◆ Assigned task: Give again, unaltered, the lines of the listing below that run from the line having "Using SensibleMedia to" through the line having "transfer of property act 44 in hindi".

◆ Data for analysis:
= Beginning of Section =

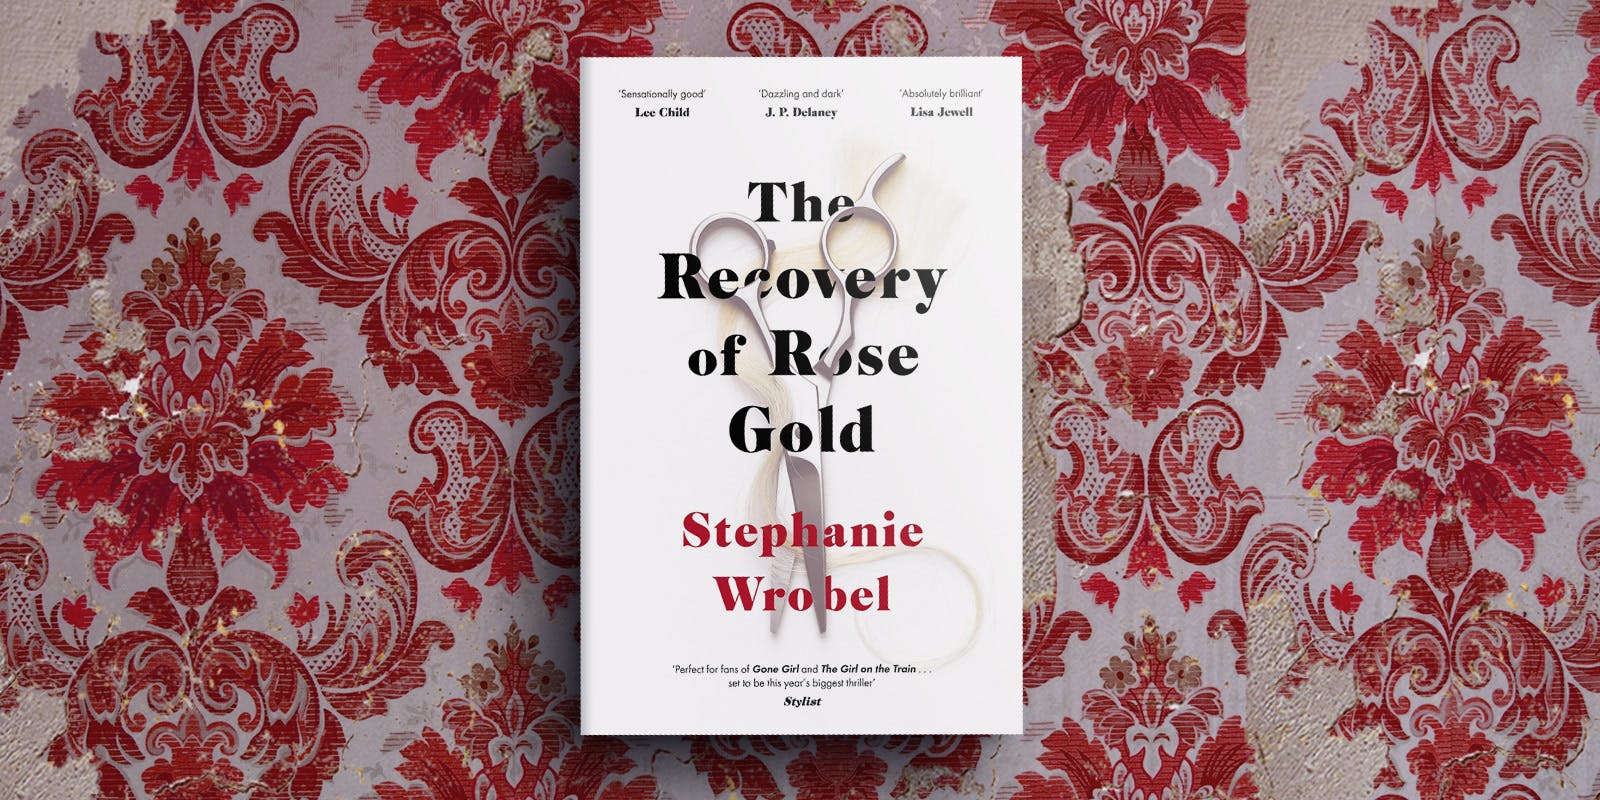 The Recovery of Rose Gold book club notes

= End of Section =
= Beginning of Section =

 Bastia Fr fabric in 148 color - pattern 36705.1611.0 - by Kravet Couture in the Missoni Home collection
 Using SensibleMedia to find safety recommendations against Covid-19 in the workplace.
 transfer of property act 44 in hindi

= End of Section =
= Beginning of Section =

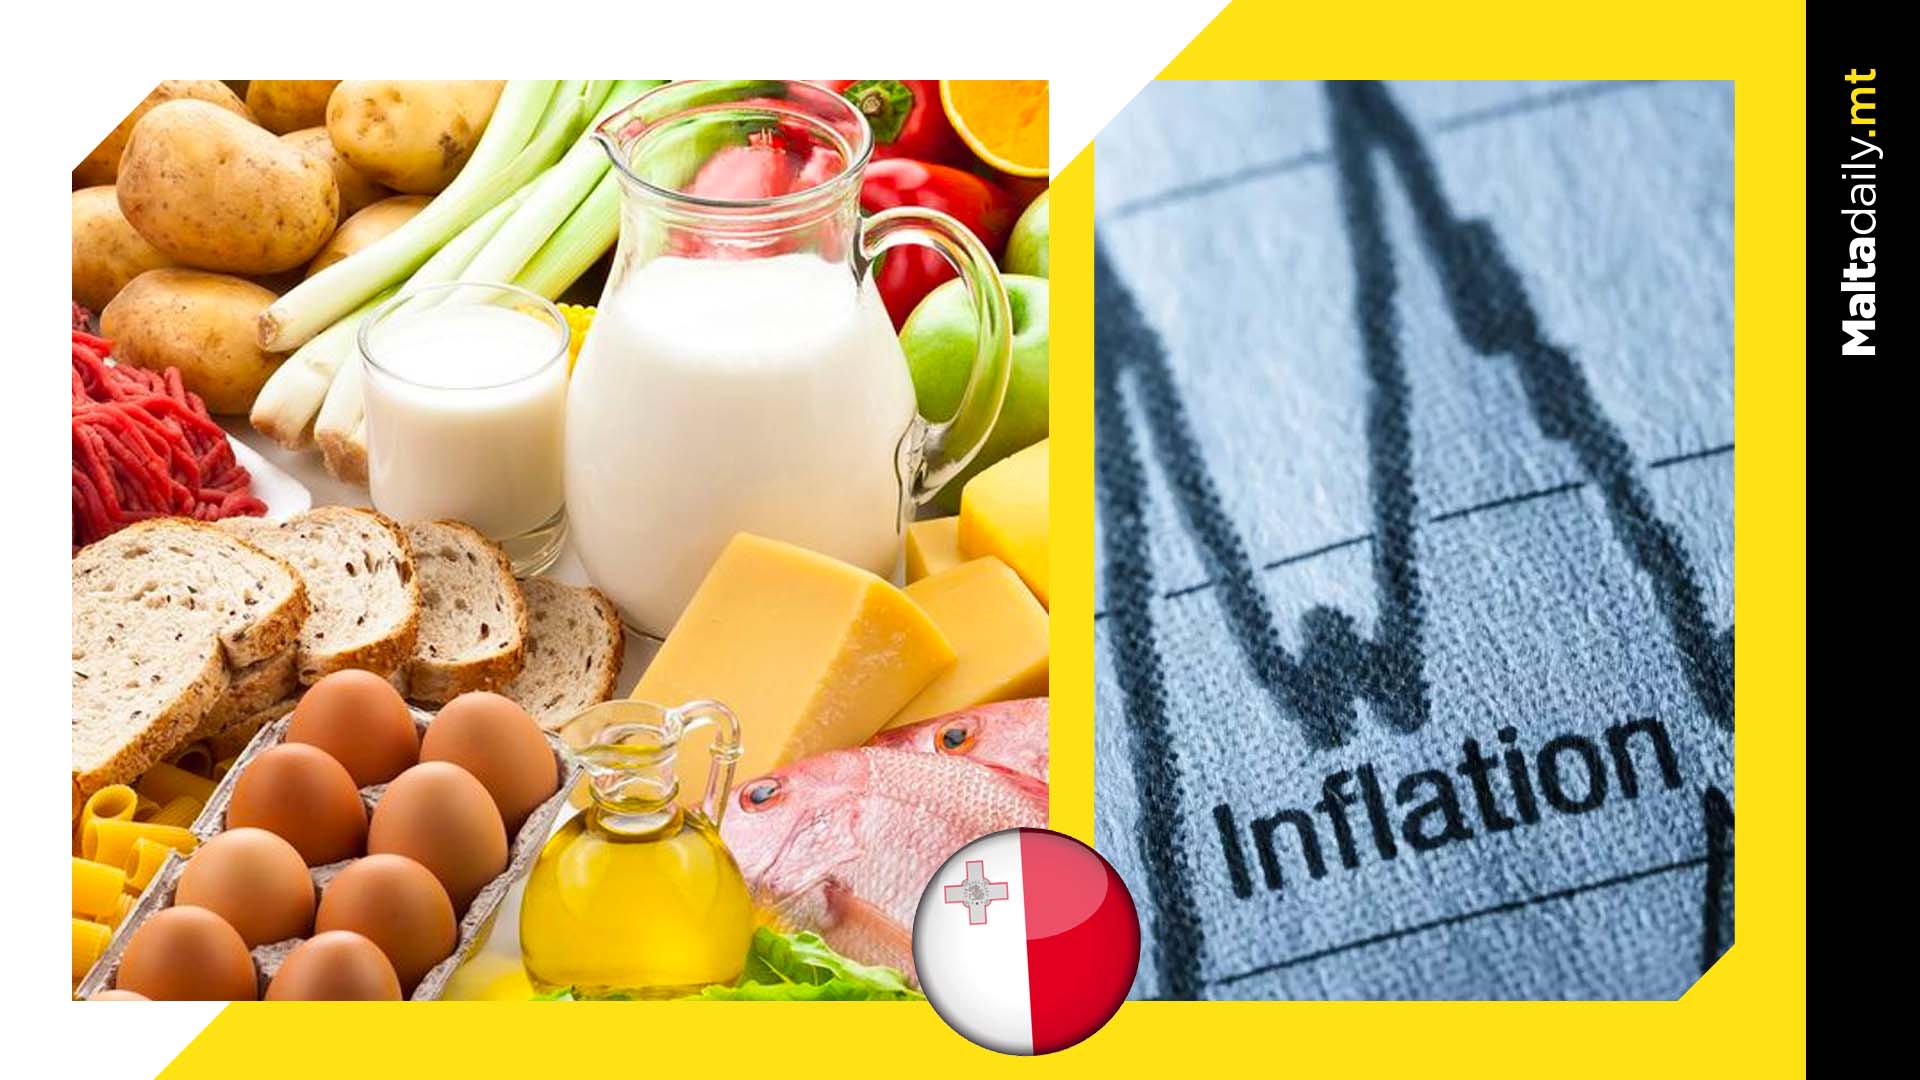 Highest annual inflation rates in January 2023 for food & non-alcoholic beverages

= End of Section =

◆ Exercise answer:
 Using SensibleMedia to find safety recommendations against Covid-19 in the workplace.
 transfer of property act 44 in hindi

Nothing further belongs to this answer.